Stock market data analysis is one of the problems where time dimension plays a crucial importance and cannot be left out. This example shows how kamu and streaming SQL can be used to build your personal trading performance dashboard which is more powerful than what most trading platforms provide. You will learn how to perform aggregations and join temporal stream and the role of watermarks in this process.

Steps

Getting Started

To follow this example checkout kamu-cli repository and navigate into examples/trading sub-directory.

Create a temporary kamu workspace in that folder using:

kamu init

You can either follow the example steps below or fast-track through it by running:

# Add all dataset manifests found in the current directory
kamu add --recursive .
kamu pull --all

Root Datasets

We will be using two root datasets:

  • com.yahoo.finance.tickers.daily - contains daily price summaries (candles) of several major tickers.
  • my.trading.transactions - contains a log of transaction from a fake trading account similar to what you’d get in data export from your trading platform.

Both datasets are sourcing their data from files located in data/ sub-directory. Once comfortable with this example you can explore sourcing ticker data from external financial APIs (e.g. as name suggests from finance.yahoo.com) and using your own trading transaction history.

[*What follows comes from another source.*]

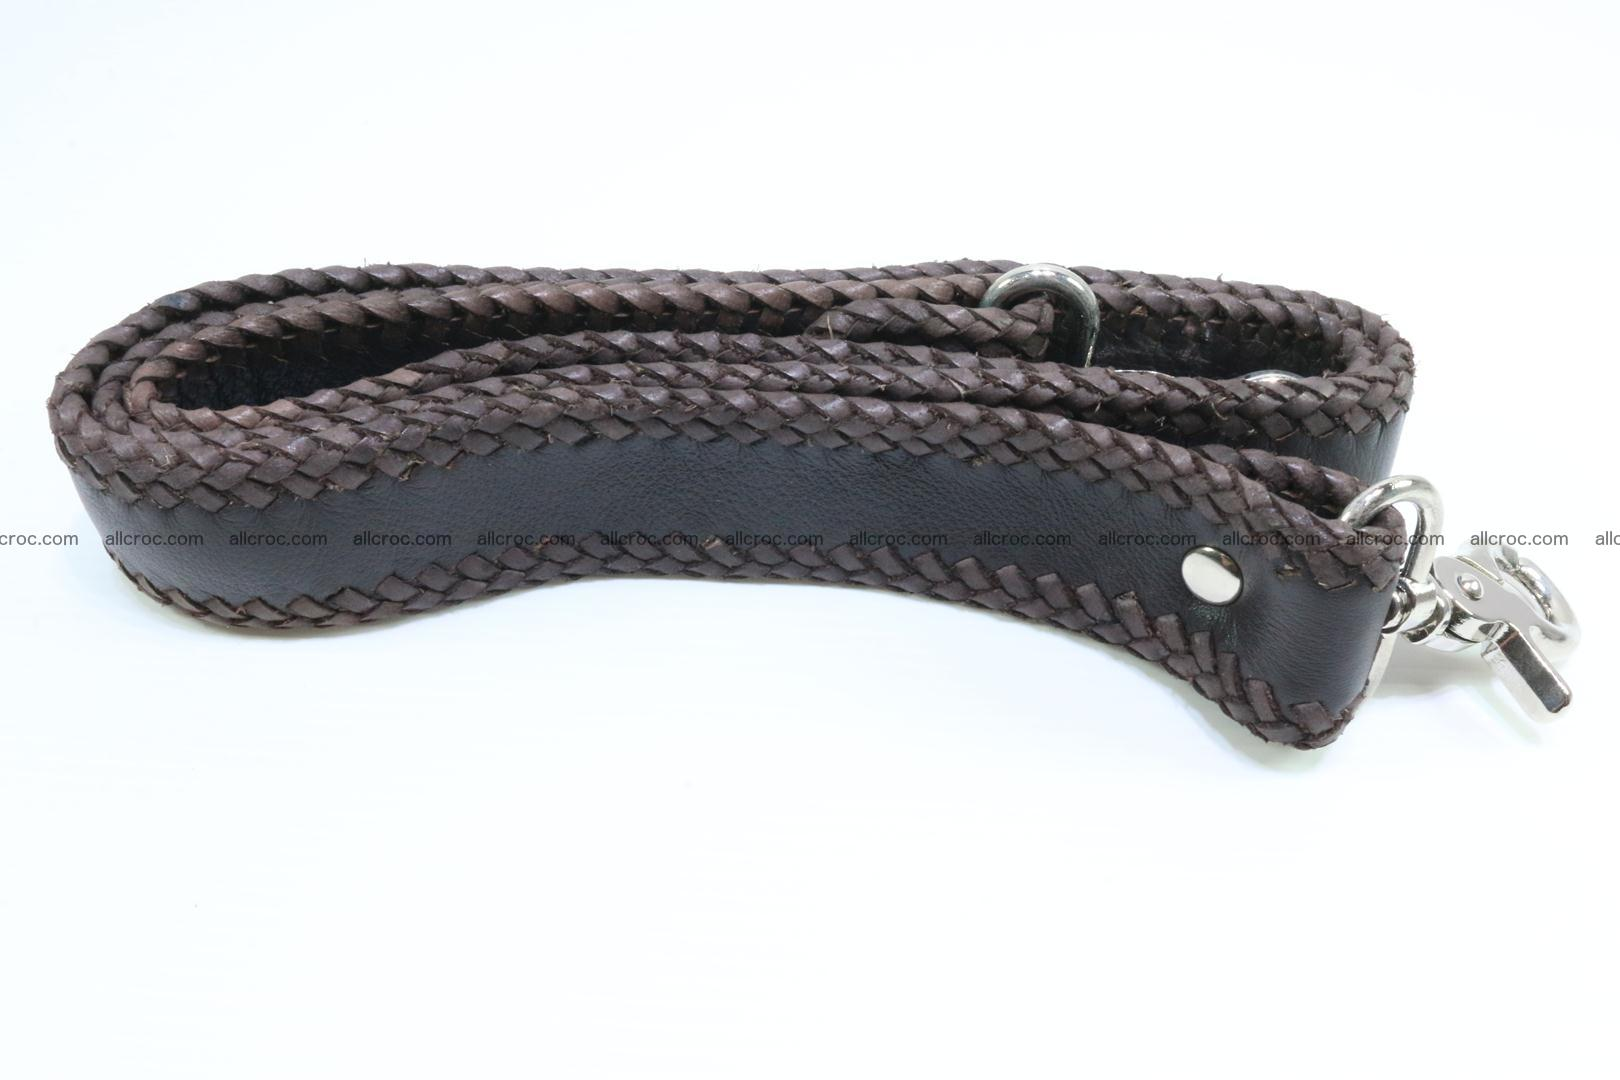 Crocodile skin messenger bag braided edges 421 Foto 17

Let’s add the root datasets and ingest data:

kamu add com.yahoo.finance.tickers.daily.yaml my.trading.transactions.yaml
kamu pull --all

You can verify the result using tail command or the SQL shell:

kamu sql
0: kamu> select * from `com.yahoo.finance.tickers.daily` limit 5;
+-------------+------------+---------+------------+-----------+-----------+-----------+-----------+-----------------+
| system_time | event_time | symbol  | close_adj  |   close   |   high    |    low    |   open    |     volume      |
+-------------+------------+---------+------------+-----------+-----------+-----------+-----------+-----------------+
|     ...     | 2016-01-04 | IPO     | 19.8662    | 20.2800   | 20.6000   | 20.1700   | 20.6000   | 3800.0000       |
|     ...     | 2016-01-04 | SPY     | 183.2916   | 201.0200  | 201.0300  | 198.5900  | 200.4900  | 222353500.0000  |
|     ...     | 2016-01-05 | SPY     | 183.6017   | 201.3600  | 201.9000  | 200.0500  | 201.4000  | 110845800.0000  |
|     ...     | 2016-01-05 | IPO     | 19.8173    | 20.2300   | 20.2800   | 20.2000   | 20.2800   | 4000.0000       |
|     ...     | 2016-01-06 | IPO     | 19.4156    | 19.8200   | 20.0600   | 19.8200   | 19.9700   | 2600.0000       |
+-------------+------------+---------+------------+-----------+-----------+-----------+-----------+-----------------+

Remember that after adding a dataset from a yaml file - kamu creates an internal representation of it in the workspace .kamu directory, so if you want to make any changes to the dataset you will need to re-add the dataset again after changing the yaml file.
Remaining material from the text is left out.